Nothing but the lines below between the line holding "Vintage Zomar Artesania" and the line holding "handmade handbags from", inclusive, should appear in the answer, each set down exactly.

Excerpted records Block Start

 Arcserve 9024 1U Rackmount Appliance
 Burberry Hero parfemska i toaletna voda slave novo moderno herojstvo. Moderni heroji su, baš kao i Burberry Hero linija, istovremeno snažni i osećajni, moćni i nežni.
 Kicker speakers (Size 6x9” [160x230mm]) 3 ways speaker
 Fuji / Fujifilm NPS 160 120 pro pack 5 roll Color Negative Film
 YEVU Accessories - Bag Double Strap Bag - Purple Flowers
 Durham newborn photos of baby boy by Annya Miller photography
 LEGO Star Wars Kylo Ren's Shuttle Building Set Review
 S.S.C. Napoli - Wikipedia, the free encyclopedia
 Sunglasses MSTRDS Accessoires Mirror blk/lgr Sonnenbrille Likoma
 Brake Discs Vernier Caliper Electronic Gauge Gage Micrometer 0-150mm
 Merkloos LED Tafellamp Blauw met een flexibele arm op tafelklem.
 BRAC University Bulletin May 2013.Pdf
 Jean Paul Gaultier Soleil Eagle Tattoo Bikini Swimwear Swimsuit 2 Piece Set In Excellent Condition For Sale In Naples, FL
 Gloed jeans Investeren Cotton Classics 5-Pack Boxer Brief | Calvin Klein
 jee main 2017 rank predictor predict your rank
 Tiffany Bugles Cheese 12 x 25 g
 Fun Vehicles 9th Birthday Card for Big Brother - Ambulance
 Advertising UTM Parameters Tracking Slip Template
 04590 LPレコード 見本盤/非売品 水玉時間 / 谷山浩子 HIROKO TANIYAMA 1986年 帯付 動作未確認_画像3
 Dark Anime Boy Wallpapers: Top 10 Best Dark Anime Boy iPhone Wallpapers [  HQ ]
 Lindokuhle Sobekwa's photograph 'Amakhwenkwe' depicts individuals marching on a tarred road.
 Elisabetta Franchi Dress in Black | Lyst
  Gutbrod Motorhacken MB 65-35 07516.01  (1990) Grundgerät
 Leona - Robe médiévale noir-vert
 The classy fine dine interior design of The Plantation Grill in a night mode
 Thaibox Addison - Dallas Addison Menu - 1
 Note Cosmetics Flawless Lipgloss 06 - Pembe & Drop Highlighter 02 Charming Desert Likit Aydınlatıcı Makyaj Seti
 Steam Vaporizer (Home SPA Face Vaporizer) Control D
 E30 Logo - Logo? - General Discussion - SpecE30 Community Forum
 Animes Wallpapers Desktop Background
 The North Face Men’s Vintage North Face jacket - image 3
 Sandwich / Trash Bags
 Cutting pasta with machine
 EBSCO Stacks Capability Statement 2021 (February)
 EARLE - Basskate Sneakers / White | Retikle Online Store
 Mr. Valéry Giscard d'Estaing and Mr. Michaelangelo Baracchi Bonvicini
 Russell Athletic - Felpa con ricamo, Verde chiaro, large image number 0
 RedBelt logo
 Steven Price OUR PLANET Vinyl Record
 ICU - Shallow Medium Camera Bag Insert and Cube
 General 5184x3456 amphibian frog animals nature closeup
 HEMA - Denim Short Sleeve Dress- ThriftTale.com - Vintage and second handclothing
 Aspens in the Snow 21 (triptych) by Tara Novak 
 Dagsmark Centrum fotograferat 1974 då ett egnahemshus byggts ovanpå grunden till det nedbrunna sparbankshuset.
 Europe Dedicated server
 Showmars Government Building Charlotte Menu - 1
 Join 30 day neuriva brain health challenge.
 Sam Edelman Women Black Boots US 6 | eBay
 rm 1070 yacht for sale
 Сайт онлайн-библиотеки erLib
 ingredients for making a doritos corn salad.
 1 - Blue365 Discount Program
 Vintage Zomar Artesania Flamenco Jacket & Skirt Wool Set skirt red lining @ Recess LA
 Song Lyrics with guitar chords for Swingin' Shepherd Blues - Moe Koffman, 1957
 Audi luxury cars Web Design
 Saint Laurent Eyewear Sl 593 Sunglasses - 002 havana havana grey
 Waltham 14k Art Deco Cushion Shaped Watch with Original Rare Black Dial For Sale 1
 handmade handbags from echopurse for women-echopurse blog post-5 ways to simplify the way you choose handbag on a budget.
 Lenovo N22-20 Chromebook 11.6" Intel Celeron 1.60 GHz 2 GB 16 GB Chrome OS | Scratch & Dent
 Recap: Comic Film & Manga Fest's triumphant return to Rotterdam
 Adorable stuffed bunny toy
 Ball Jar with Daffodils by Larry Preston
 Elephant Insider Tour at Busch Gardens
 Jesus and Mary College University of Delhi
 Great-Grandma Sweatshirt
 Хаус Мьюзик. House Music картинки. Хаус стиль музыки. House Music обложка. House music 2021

Excerpted records Block End

## Exercise output
 Vintage Zomar Artesania Flamenco Jacket & Skirt Wool Set skirt red lining @ Recess LA
 Song Lyrics with guitar chords for Swingin' Shepherd Blues - Moe Koffman, 1957
 Audi luxury cars Web Design
 Saint Laurent Eyewear Sl 593 Sunglasses - 002 havana havana grey
 Waltham 14k Art Deco Cushion Shaped Watch with Original Rare Black Dial For Sale 1
 handmade handbags from echopurse for women-echopurse blog post-5 ways to simplify the way you choose handbag on a budget.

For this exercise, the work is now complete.